The lower ends of all five ribs 40 are dimensioned to form shoulders or stops 48 which are adapted to rest upon the upper end of the smaller standpipe 13 when the smaller standpipe 13 is used. This arrangement allows dropping or locating of the air gap device within the upper end of the standpipe 13 for support of the air gap device by resting of the stops 48 on the top of the standpipe 13. If desired, the lower portions of the ribs 40 can be tapered to snugly fit within the standpipe 13.
Below the stops 48 all five ribs 40 are of reduced dimension so that as nearly as is possible they engage or are in close proximity with the curved inner surface of the standpipe 13.
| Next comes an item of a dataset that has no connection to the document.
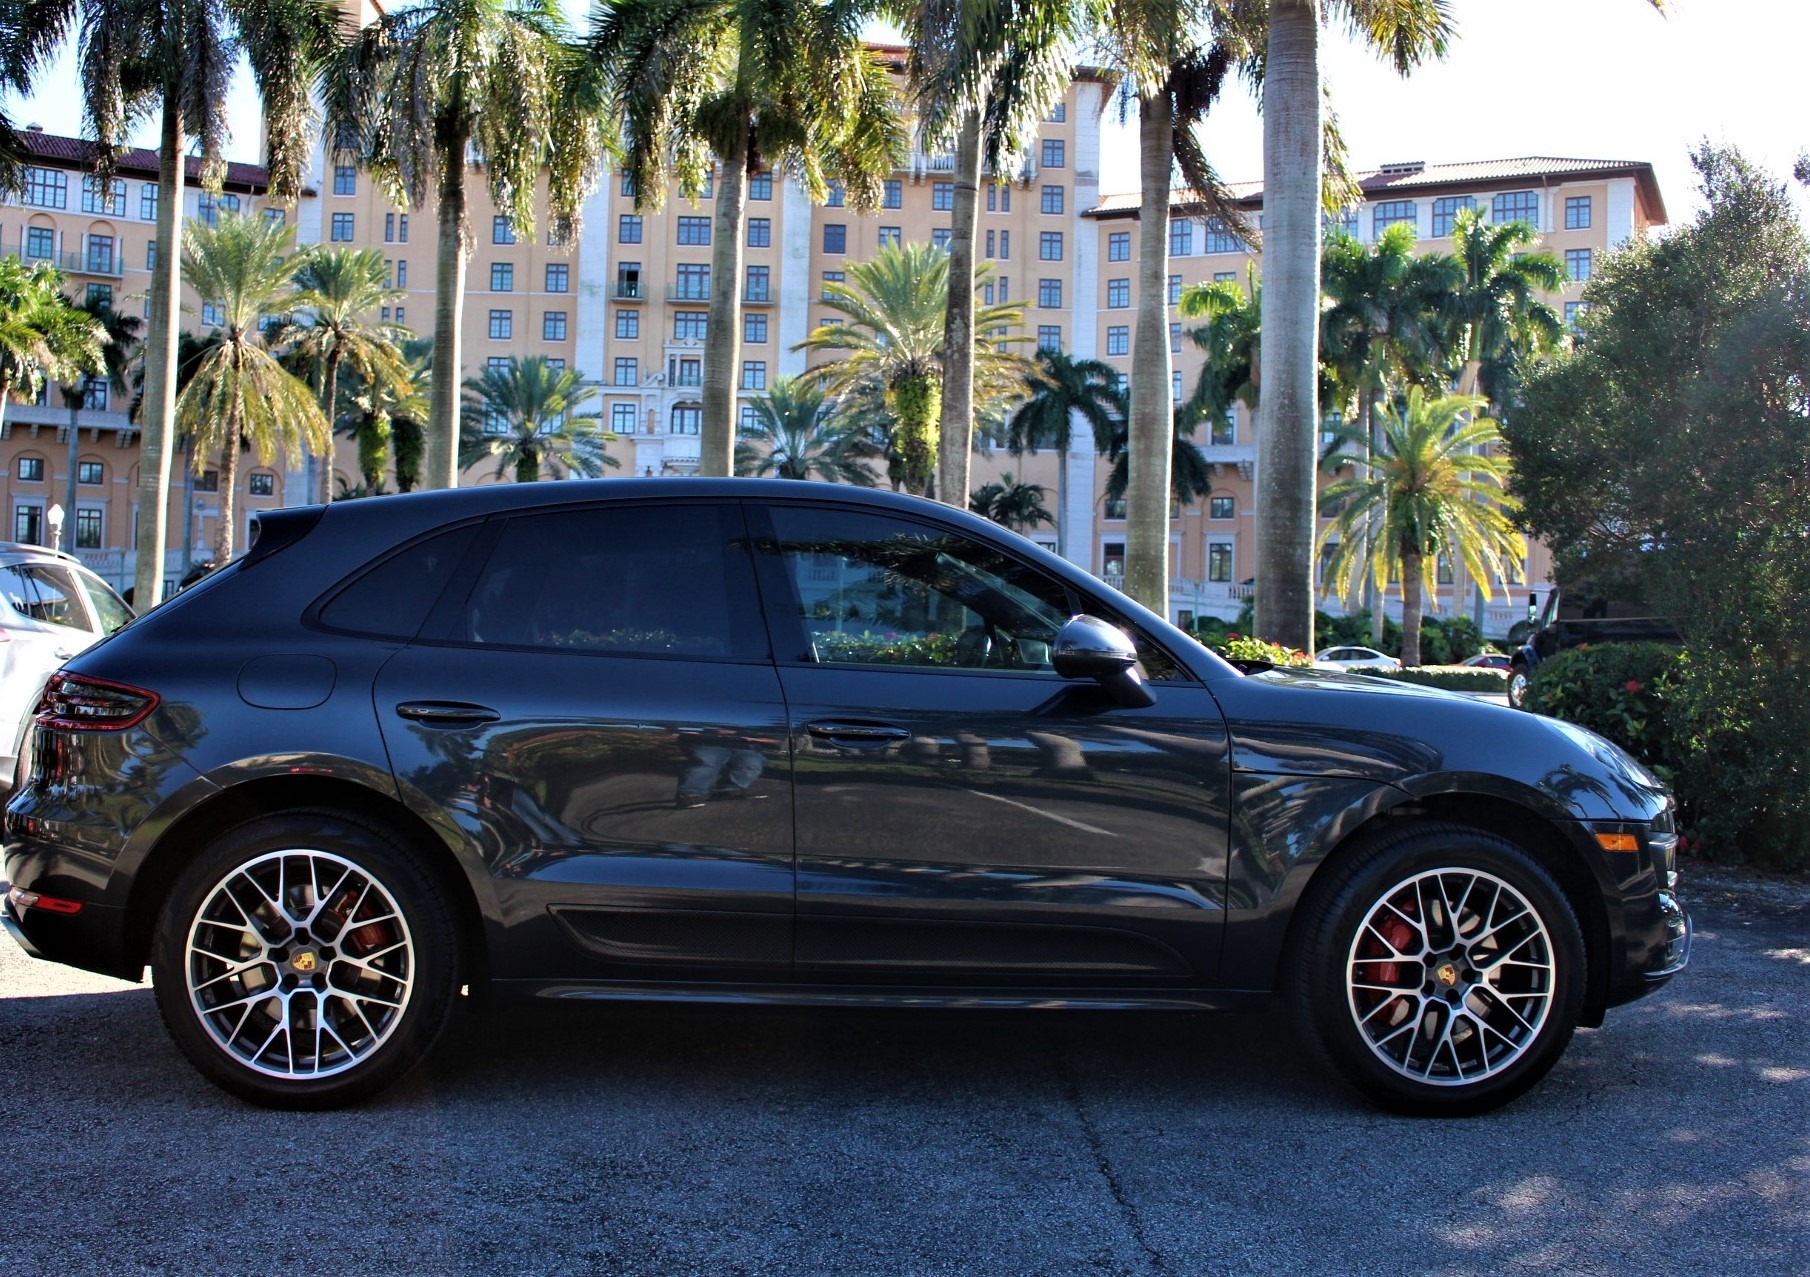 Used 2017 Porsche Macan Turbo for sale Sold at The Gables Sports Cars in Miami FL 33146 1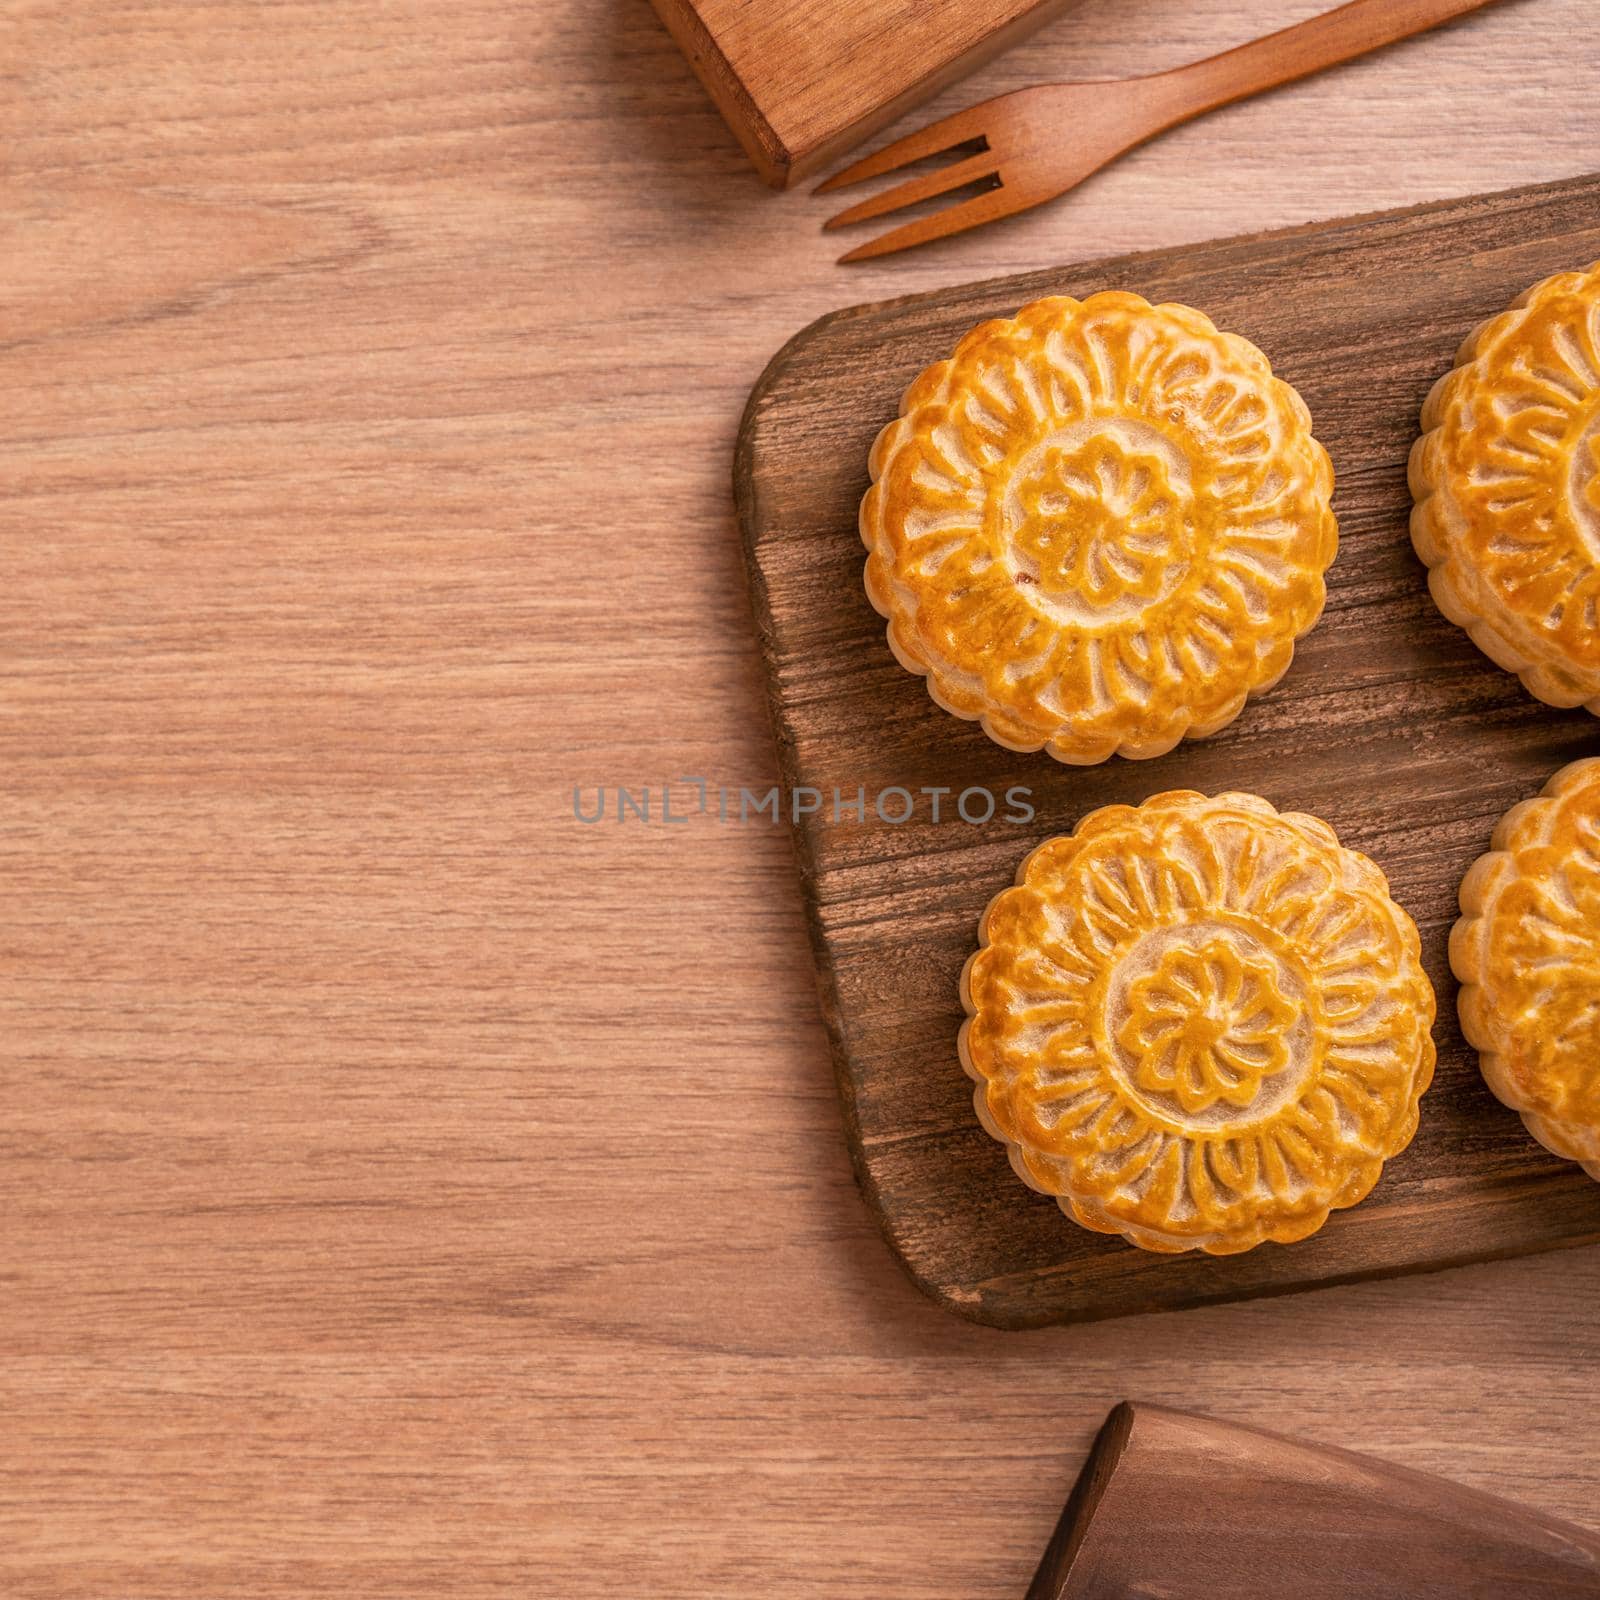 Round shaped moon cake Mooncake - Chinese style pastry during Mid-Autumn Festival / Moon Festival on wooden background and tray, top view, flat lay.

Any suitable means may be used to attach drain lines to the inlet ports 20 and 22, according to the size of the drain lines and whether they are flexible or rigid. In addition, rather than using the illustrated combination of the externally barbed ports 20 and 22 with flexible plastic tubing (not shown), plastic pipe may be used in a slip fit arrangement with or without adhesive. Also, complemental components may be used that are joined in a compression fit, or the so-called John Guest push-in type of fitting can be used.
However, in the low flow applications contemplated by the present invention, a leak-tight connection is easily achieved by pushing flexible tubing over the barbed inlet ports 20 and 22.
As described above, the air gap device is versatile in that it can be mounted upon either of the two most widely used standard sizes of standpipe, whether the standpipe is made of plastic or of metal, and whether the standpipe is threaded or unthreaded. The structure of the air gap device is relatively strong and rigid, establishes positive seating and support of the device, and ensures that the device will not be tilted from its normal vertical position during use.
There are other features of this particular housing design which are important. The particular design and location of the rails 54 is such that the rails extend clear to the top of upper housing 18, adding structural rigidity to the otherwise more flexible upper housing portion.
In the embodiment of FIG. 5, stops 53, as best seen in FIG. 4 are located at each end of the mounting slot 38. The stops 53 help to maintain a uniform slot width throughout the length of the slot, and they provide solid and positive stops for the unit when the unit is inserted over either size of standpipe. Thus, the unit cannot easily be tilted away from its desired vertical position.
While several forms of the invention have been illustrated and described, it will be apparent that various modifications can be made without departing from the spirit and scope of the invention.